How about Sugarloaf Feb 7th?


----------



## Cornhead (Nov 20, 2014)

Mishka, overnight me the 110's and I can evaluate them in 4ft of snow Saturday.

Sent from my DROID X2 using Tapatalk 2


----------



## mishka (Nov 20, 2014)

Cornhead said:


> Mishka, overnight me the 110's and I can evaluate them in 4ft of snow Saturday.
> 
> Sent from my DROID X2 using Tapatalk 2



 I'll overnight myself with them to make sure you preform proper testing






Siliconebobsquarepants said:


> How about Sugarloaf Feb 7th?



I can't plan this far out. Also not sure if I will attend AZ Summit


----------



## Not Sure (Nov 20, 2014)

Cornhead said:


> Mishka, overnight me the 110's and I can evaluate them in 4ft of snow Saturday.
> 
> Sent from my DROID X2 using Tapatalk 2



Better get the goods before the warmup.


----------



## mishka (Nov 23, 2014)

if all goes well will be with Tin on Tuesday 25th at Killington and Friday 28th at Wachusett


----------



## wa-loaf (Nov 24, 2014)

Subscribed ...


----------



## Tin (Nov 24, 2014)

On for tomorrow, winds look less than todays.


----------



## mishka (Nov 24, 2014)

wa-loaf said:


> Subscribed ...



You'll be at  Wachusett on Friday?


----------



## wa-loaf (Nov 24, 2014)

mishka said:


> You'll be at  Wachusett on Friday?



If I am I'll be with the kids. Just posting in here so I can follow the thread and be able to jump in when I see an opportunity.


----------



## mishka (Nov 24, 2014)

aaahhhh  ok


----------



## mishka (Nov 30, 2014)

planning  to be at Wachusett on Tuesday. They opening summit lift so it doesn't make a lot of sense for me to drive further north


----------



## mishka (Dec 5, 2014)

I know this last minute but maybe it's will work

going to Wachusett tonight living in about an hour hopefully will be  their around 6--6:30 ski 7--9 or so. Will check before leaving since I am not into smart phones and texting


----------



## Tin (Dec 5, 2014)

mishka said:


> I know this last minute but maybe it's will work
> 
> going to Wachusett tonight living in about an hour hopefully will be  their around 6--6:30 ski 7--9 or so. Will check before leaving since I am not into smart phones and texting




Get with the times! Ye ole ski maker.


----------



## mishka (Dec 5, 2014)

Tin said:


> Get with the times! Ye ole ski maker.



 well I choose not to.... Trying to hold down to good old days :lol:

to get on with times *Tin* here know how to reach me old-fashioned way by dialing the number and hopefully can help can connect me, temporary of course:razz: with 21st century


----------



## nicospiniello (Dec 5, 2014)

Wow, I'm so jealous! you guys already skied this season!


----------



## yeggous (Dec 5, 2014)

nicospiniello said:


> Wow, I'm so jealous! you guys already skied this season!

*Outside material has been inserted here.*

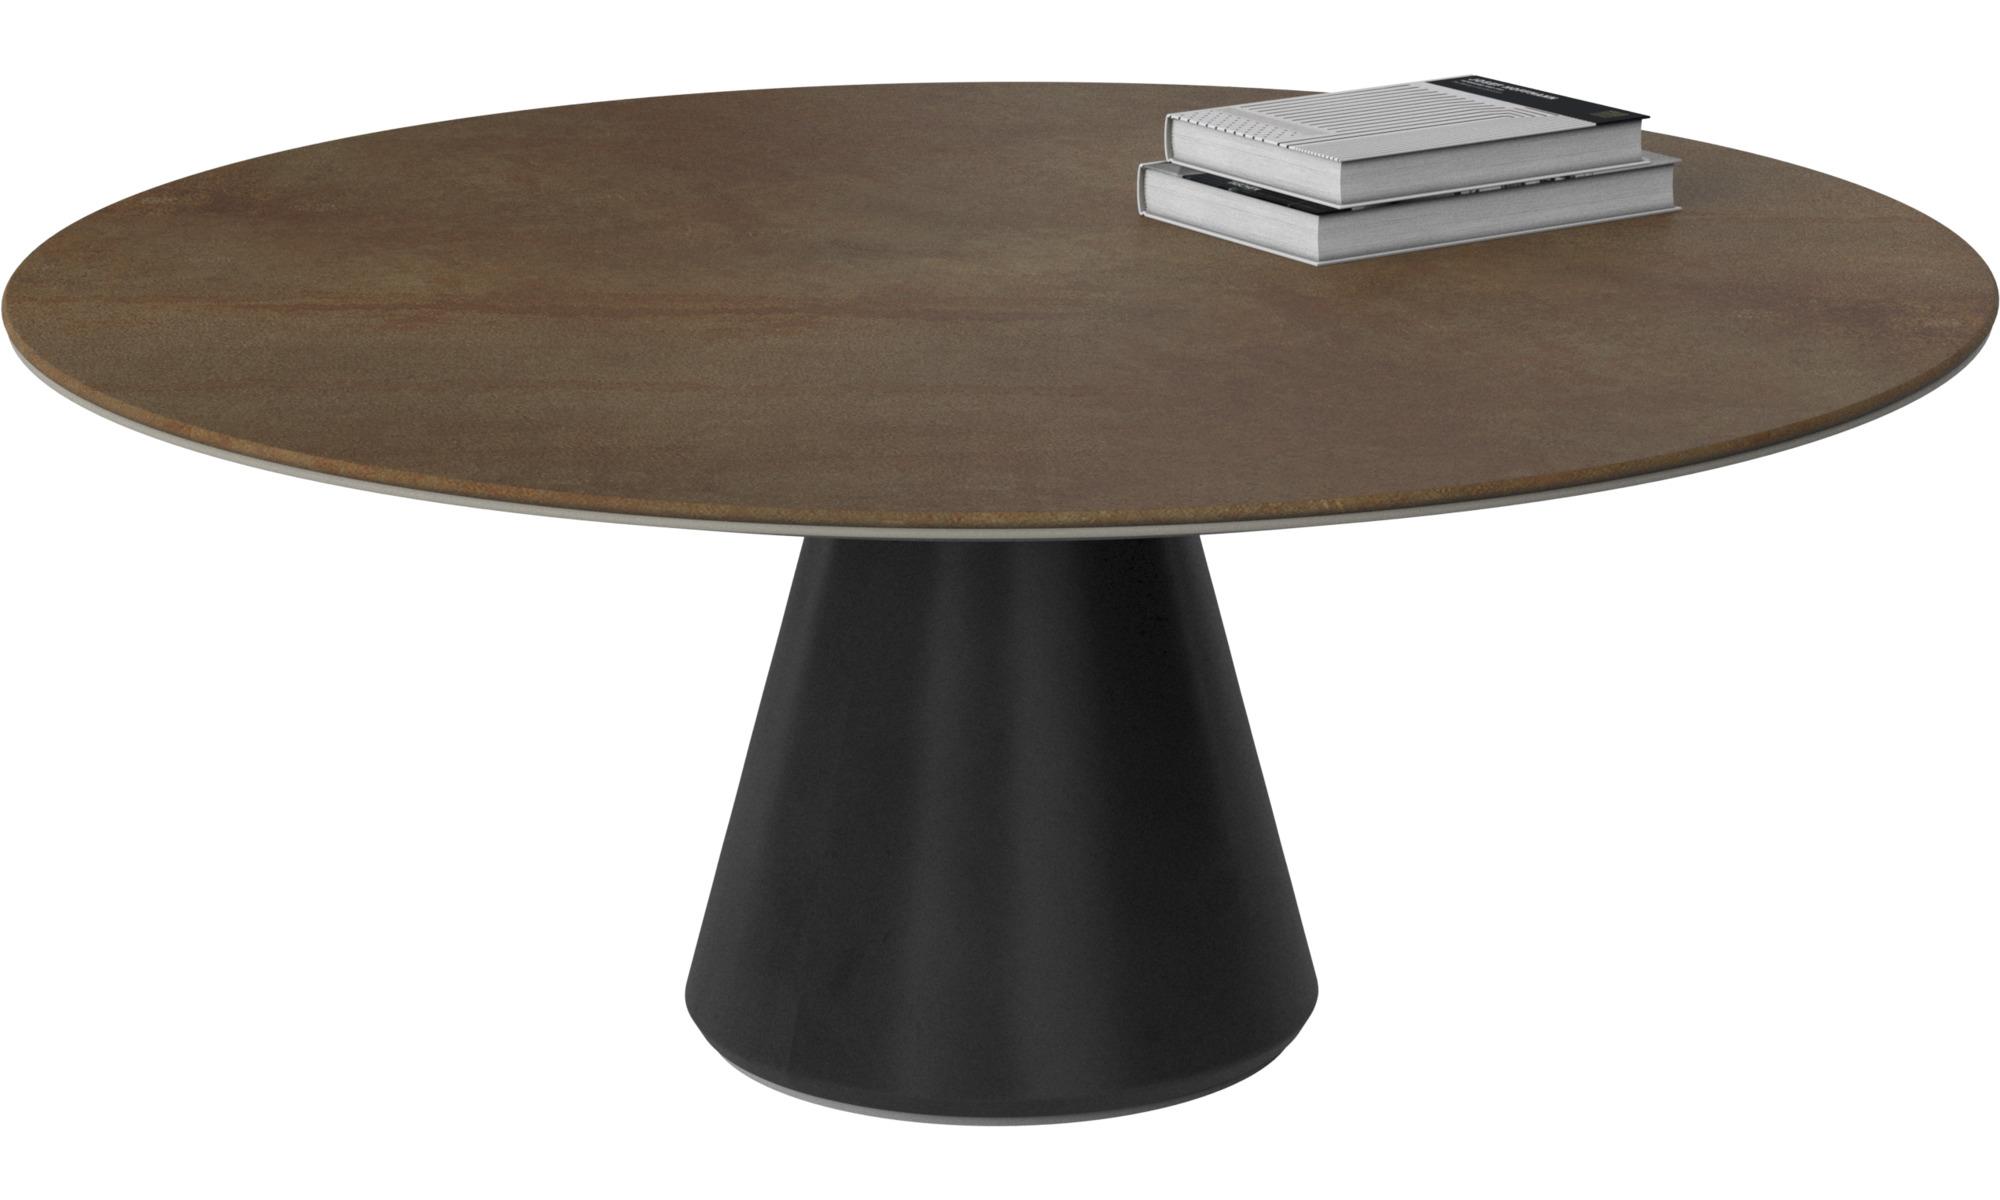 Tables basses table basse madrid boconcept - Bo concept table basse ...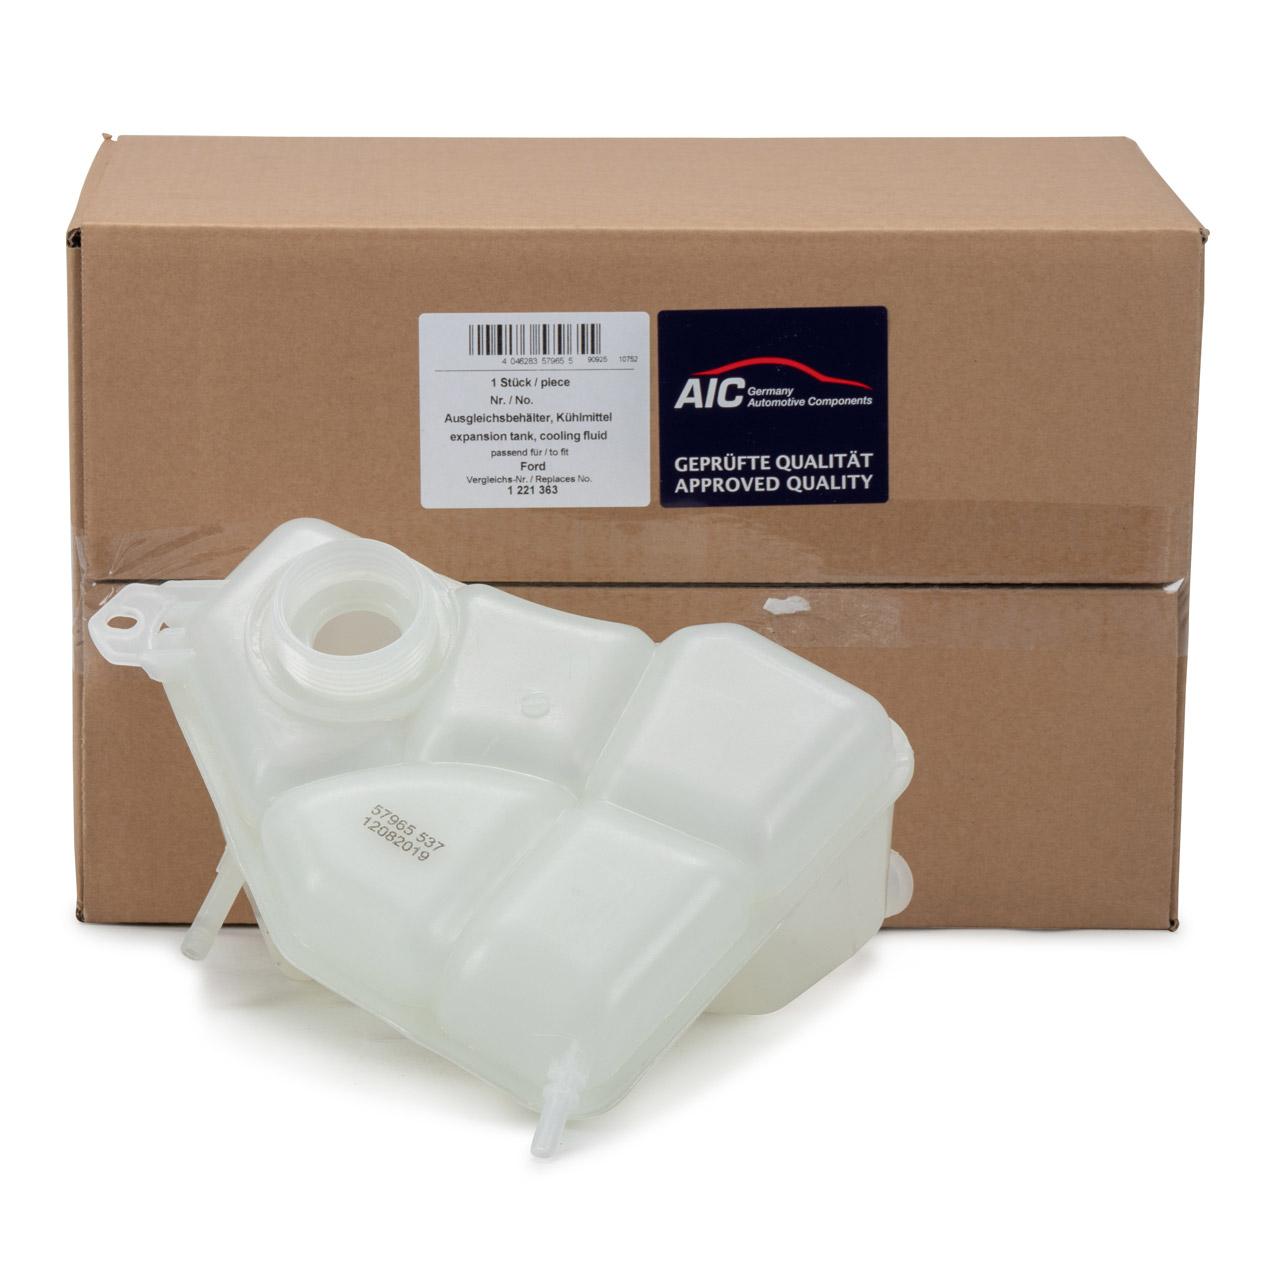 AIC Ausgleichsbehälter Kühlmittelbehälter FORD Fiesta 5 Fusion 1.3 1.4 TDCi 1221363

There has been skiing for a month now. Where have you been? The diehards will ski snirt if need be.


Sent from my iPad using AlpineZone mobile app


----------



## mishka (Dec 9, 2014)

Not sure if anyone will be there or how "demo" will work out at all. 
Tomorrow December 10  Tin and I  going to Killington


----------



## mishka (Dec 13, 2014)

thinking to go to Wachusett tomorrow night 14/12


----------



## mishka (Dec 18, 2014)

Wachusett tomorrow  Friday 19/12


----------



## Tin (Dec 18, 2014)

mishka said:


> 19/12




Going back to the European way? lol


----------



## mishka (Dec 18, 2014)

:beer:


----------



## mishka (Dec 27, 2014)

will be at Wachusett tomorrow night  12/27


----------



## prsboogie (Dec 27, 2014)

Spring conditions today at WaWa!


----------



## mishka (Dec 27, 2014)

that is a plan


----------



## mishka (Dec 29, 2014)

mishka said:


> will be at Wachusett tomorrow night  12/27



last min. change will be at wawa today after 4pm instead


----------



## wa-loaf (Dec 29, 2014)

mishka said:


> last min. change will be at wawa today after 4pm instead



I should be up there about the same time with my kids. Red Jacket and beard with two kids.


----------



## mishka (Dec 29, 2014)

Saw your reply only when come back home( no smartphone). Will be next time


----------



## wa-loaf (Dec 29, 2014)

mishka said:


> Saw your reply only when come back home( no smartphone). Will be next time



That's alright. Wasn't out long, my son didn't feel well so we headed home early. I was on the lookout for your skis though!


----------



## mishka (Jan 14, 2015)

planning to go to Wachusett Friday morning.


----------



## moresnow (Jan 15, 2015)

mishka said:


> planning to go to Wachusett Friday morning.



Welcome back to the dark side.


----------



## mishka (Jan 15, 2015)

moresnow said:


> Welcome back to the dark side.



why Dark side? 



anyway. Most likely will be at Cannon on Super Bowl. Hopefully  Patriots playing


----------



## moresnow (Jan 15, 2015)

mishka said:


> why Dark side?



As  compared to skiing out west


----------



## mishka (Jan 15, 2015)

moresnow said:


> As  compared to skiing out west



I understand what you mean. It is what it is. something to look forward for until next time.


----------



## mishka (Jan 20, 2015)

Thursday January 22 planning to go to Pico.  I have 2for1 need to split. Hope another AZer could join in


----------



## mishka (Jan 28, 2015)

Didn't get the chance to get out for this storm at all. Hope I cant find someone for carpool tomorrow to mt Abram
 it  too far for a day trip for me alone
If mt Abram trip don't happen will have to settle for Wachusett.... Nothing exciting but at least skiing


----------



## mishka (Feb 19, 2015)

with possible rain on the weekend I decided to go to Wachusett tomorrow ....evening session hopefully will get there early and be on the snow by 4PM


----------



## mishka (Feb 26, 2015)

him let's try it again lol

Going to Wachusett tomorrow morning.


----------